:: Task goal ::
Print the listing below exactly, images excluded.

:: Recorded information ::
****

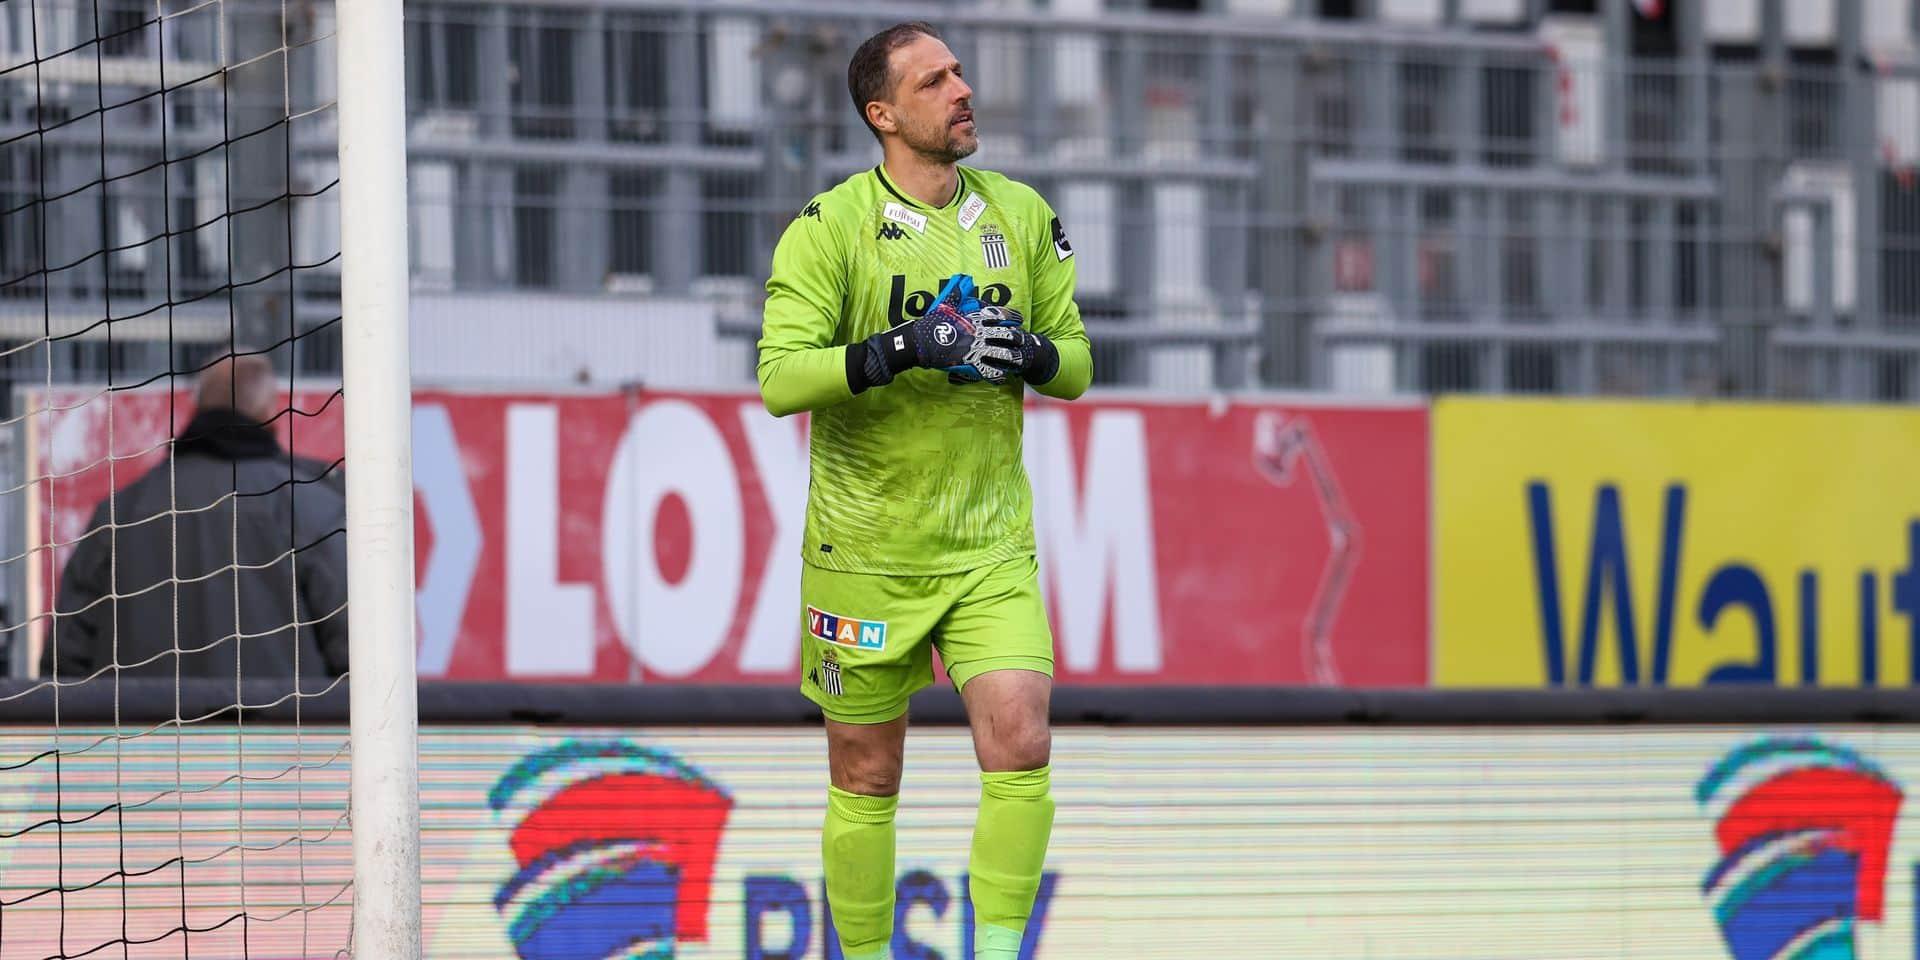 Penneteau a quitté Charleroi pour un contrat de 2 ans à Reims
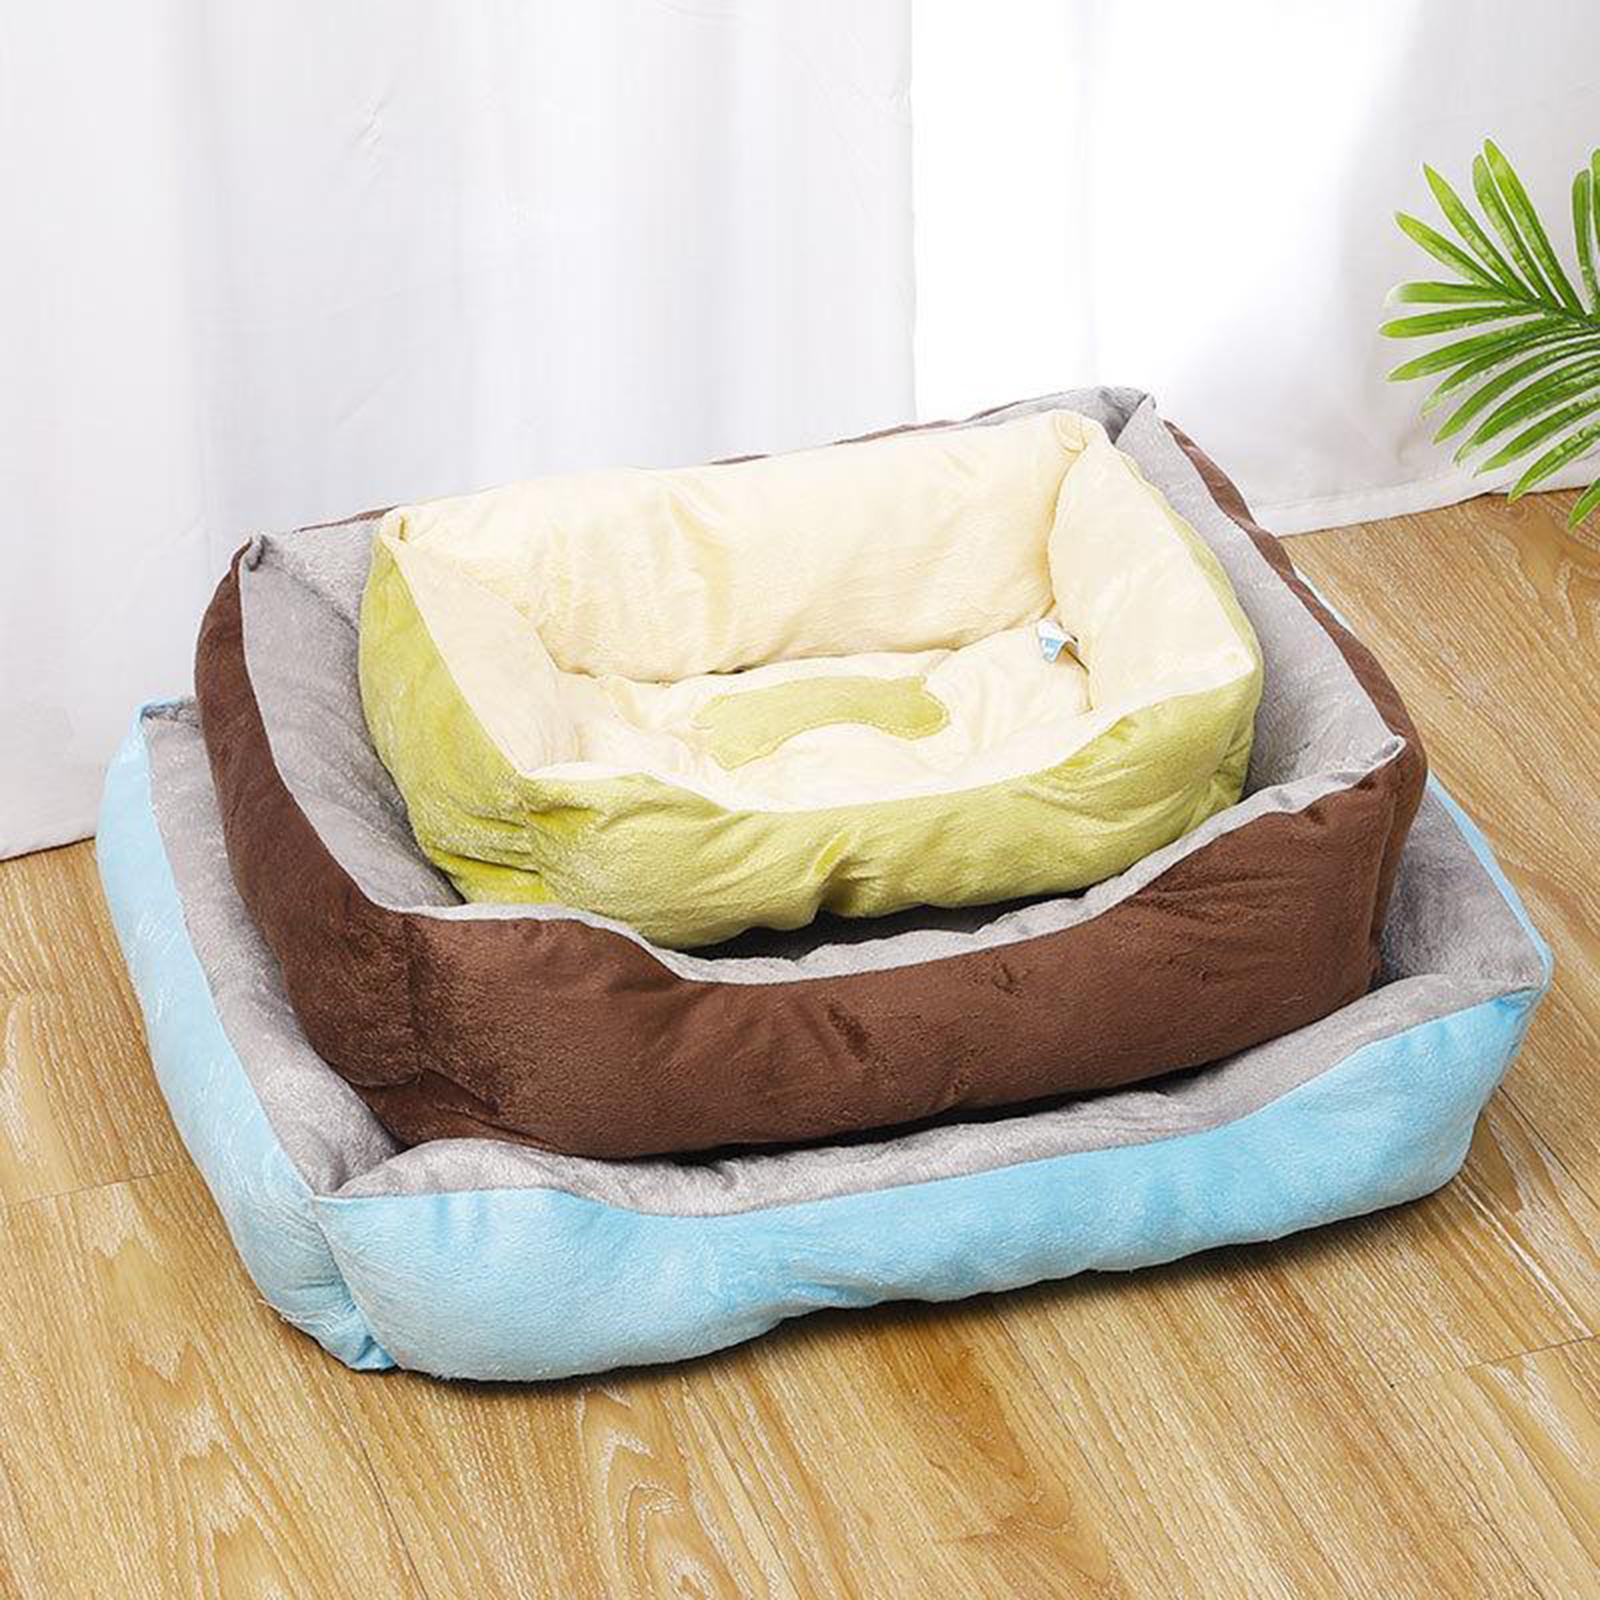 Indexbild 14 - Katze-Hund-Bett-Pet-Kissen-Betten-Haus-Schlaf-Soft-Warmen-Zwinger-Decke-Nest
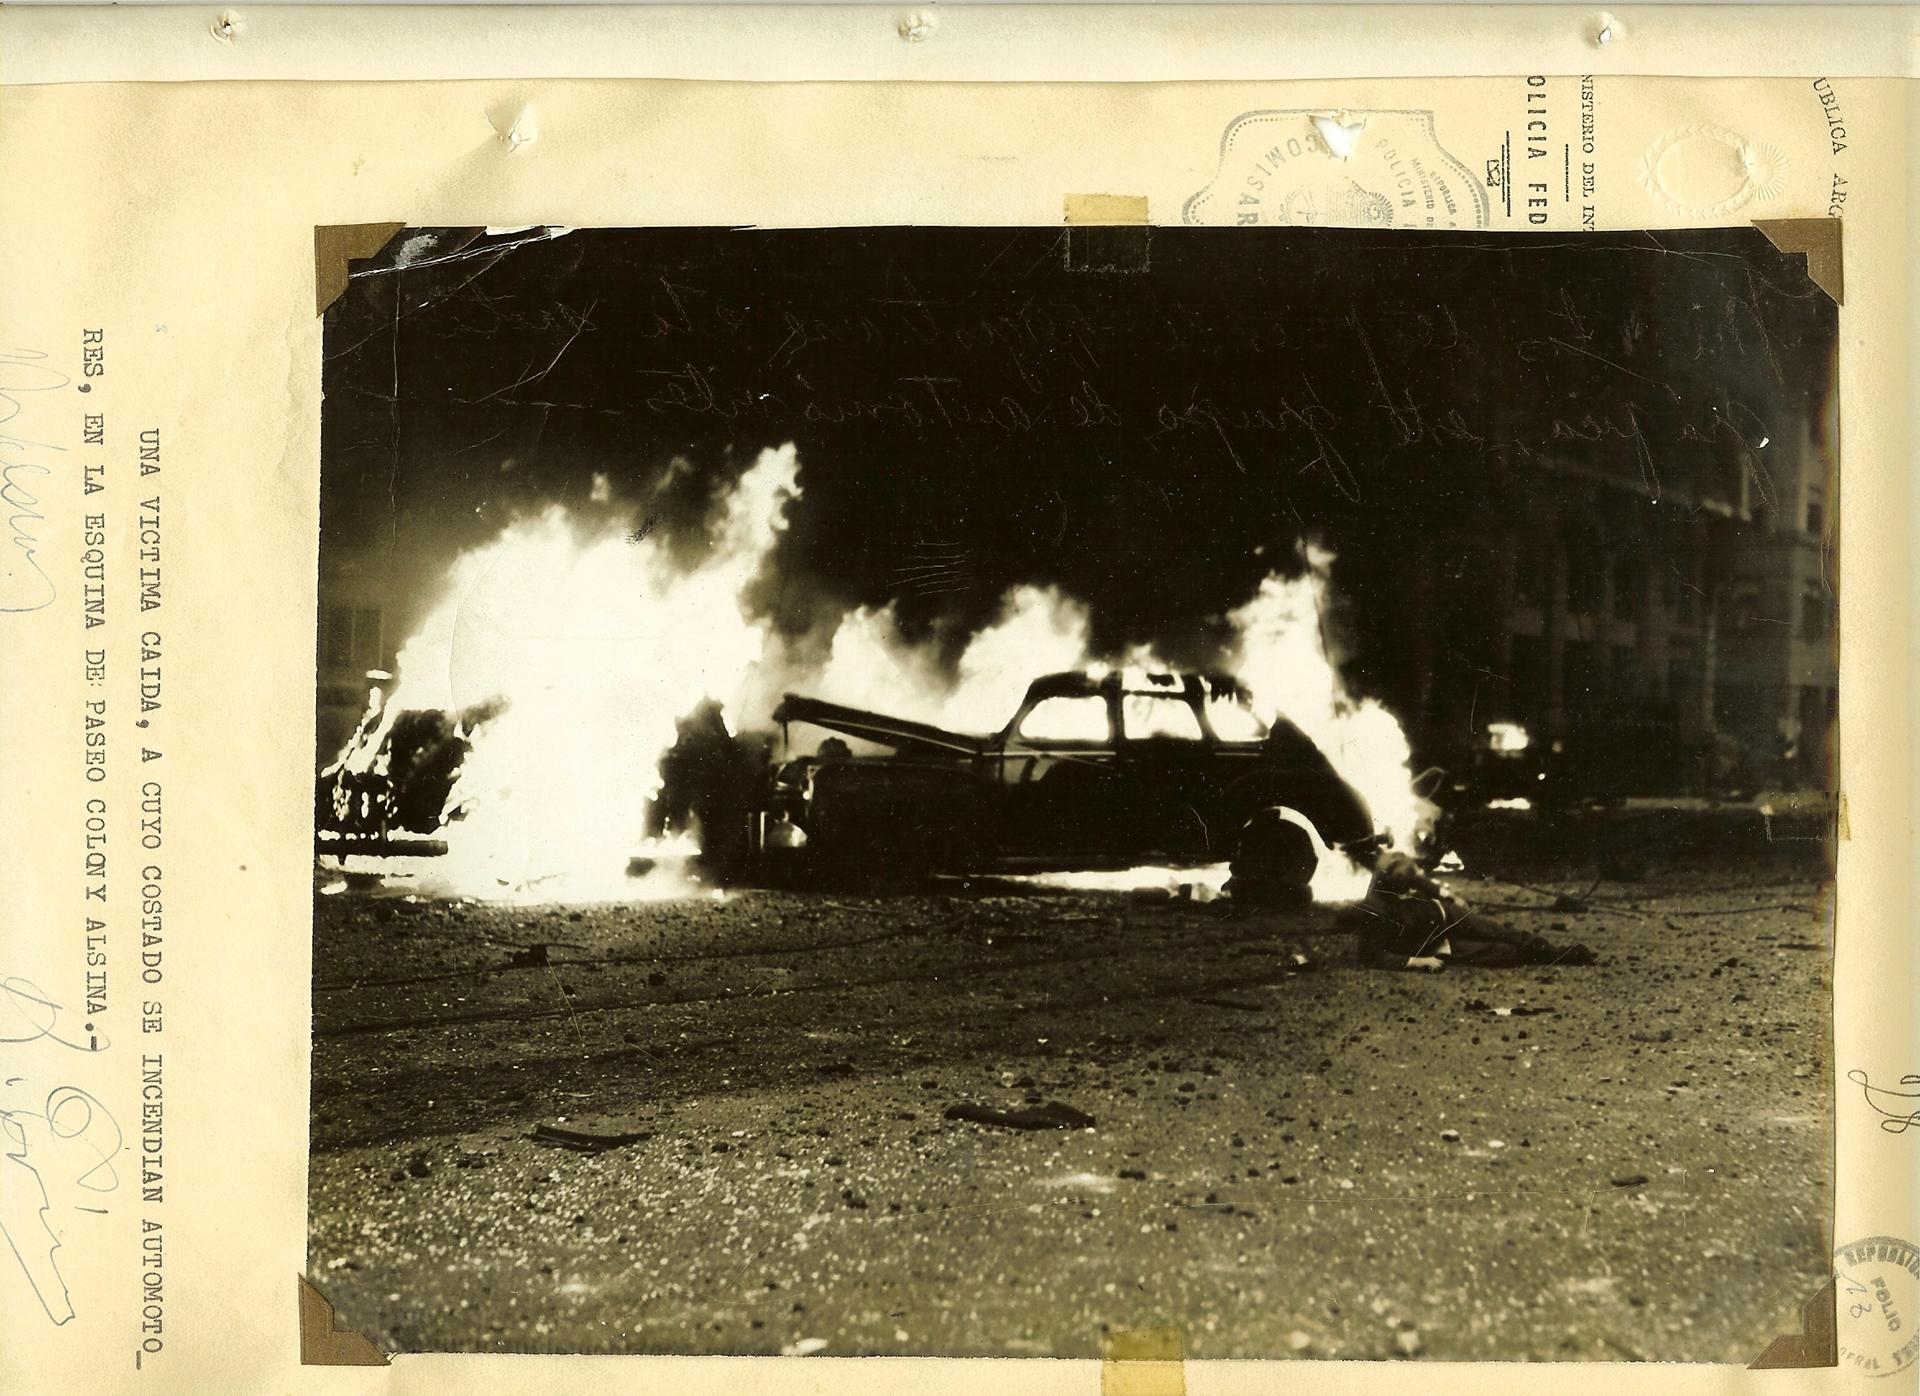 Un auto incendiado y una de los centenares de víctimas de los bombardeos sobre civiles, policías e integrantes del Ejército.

****

:: Exercise output ::
 Penneteau a quitté Charleroi pour un contrat de 2 ans à Reims
 Indexbild 14 - Katze-Hund-Bett-Pet-Kissen-Betten-Haus-Schlaf-Soft-Warmen-Zwinger-Decke-Nest
 Un auto incendiado y una de los centenares de víctimas de los bombardeos sobre civiles, policías e integrantes del Ejército.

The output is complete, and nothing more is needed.